Света шмыгнула носом, по щекам покатились слёзы.
– Только не реветь! – строго сказал Андрей.
– Тётя Света, не плачьте, мы что-нибудь обязательно придумаем, – заверил Вовка.
– А давайте я на работу в Дом культуры устроюсь? – вмешалась Оксана.
– Кем? – удивился Андрей.
– Художником, у них штатный в запое. Интернатура[17] у меня только в октябре начинается, сейчас всё равно делать нечего.
Андрей задумался. Оксана, в отличие от Остапа Бендера, вполне могла работать художником. До института она закончила художественную школу, и её даже приглашали в Высшее художественное училище в Ленинграде. Но Оксана твёрдо решила, что будет врачом, и не жалела о своём выборе. Умение девушки рисовать портреты не раз помогало в расследованиях[18]. Устроившись на работу в Дом культуры, став «своей», Оксана сможет узнать то, что «чужим» никогда не расскажут. Но если Клава и братья действительно причастны к исчезновению Инги и убийству помощника осветителя…
– Оксана, это может быть опасно.
– Андрюша, я же не буду лезть на рожон. Покручусь в коллективе, пособираю слухи. Ну как?
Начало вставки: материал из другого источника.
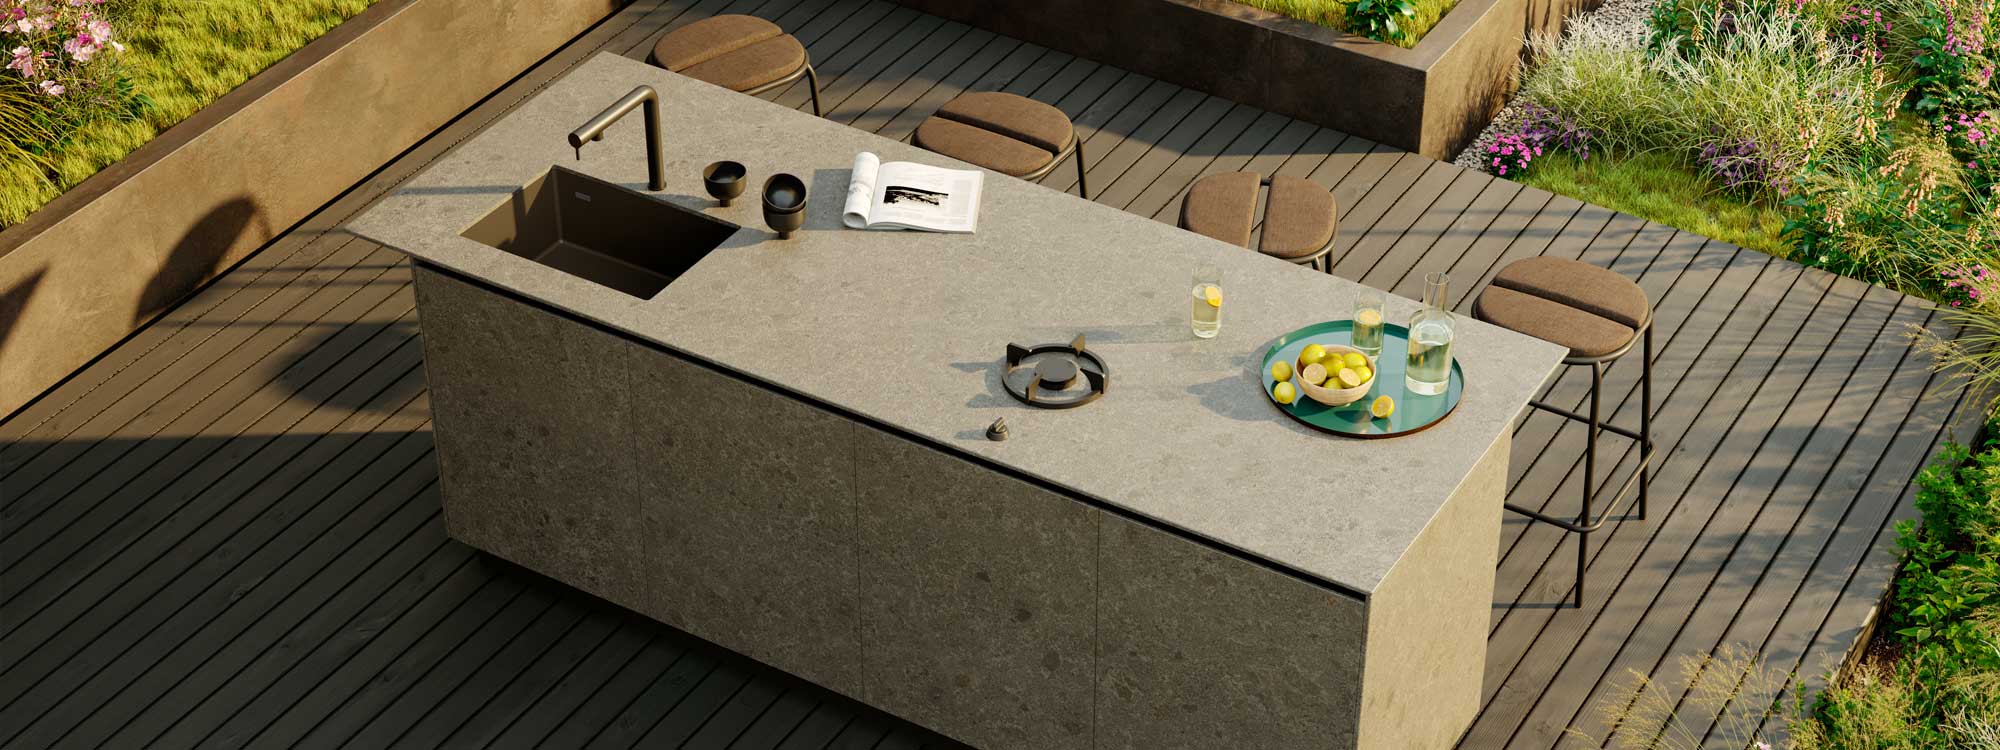 Image of OicCook ceramic outdoor kitchen island with sink and gas hob, with Parc stools next to countertop surface

Три пары глаз уставились на Андрея.
– Хорошо, – сдался он. – Только никакой самодеятельности, все действия предварительно согласуешь со мной!
– Ну конечно, Андрюша. – Оксана обняла мужа, прижалась, поцеловала в щёку. – Куда я без тебя?
Света скосила глаза на супругов и улыбнулась. Пионер Вовка нахмурился и отвернулся. Не одобрял он эти телячьи нежности. И вообще, при всём уважении, в этот раз дядя Андрей слишком медленно вёл расследование. Так они Ингу не найдут. Рассказать бы всё дяде Николаю, но не велено. Ничего, он, Вовка, тоже не лыком шит и знает, как ускорить поиски…
Глава 7
1979 год, Токио, двумя годами ранее
«Токио, столица Японии, город, который поражает воображение своим размахом, динамизмом и необычайным сочетанием древних традиций и современности. Здесь небоскрёбы соседствуют с древними храмами, а скоростные трассы пересекаются с узкими улочками старого города.
Токио – город противоречий. При внешнем блеске и великолепии он задыхается от перенаселения и выхлопных газов автомобилей. Несмотря на продвинутые технологии, загрязнение воздуха и воды – серьёзная проблема, создающая угрозу здоровью жителей. В Токио особенно чувствуется неравенство в обществе. Перенаселённость делает жильё дорогим и недоступным, что приводит к появлению большого количества бездомных. В этом городе богатые и бедные живут рядом, но разрыв между ними огромен».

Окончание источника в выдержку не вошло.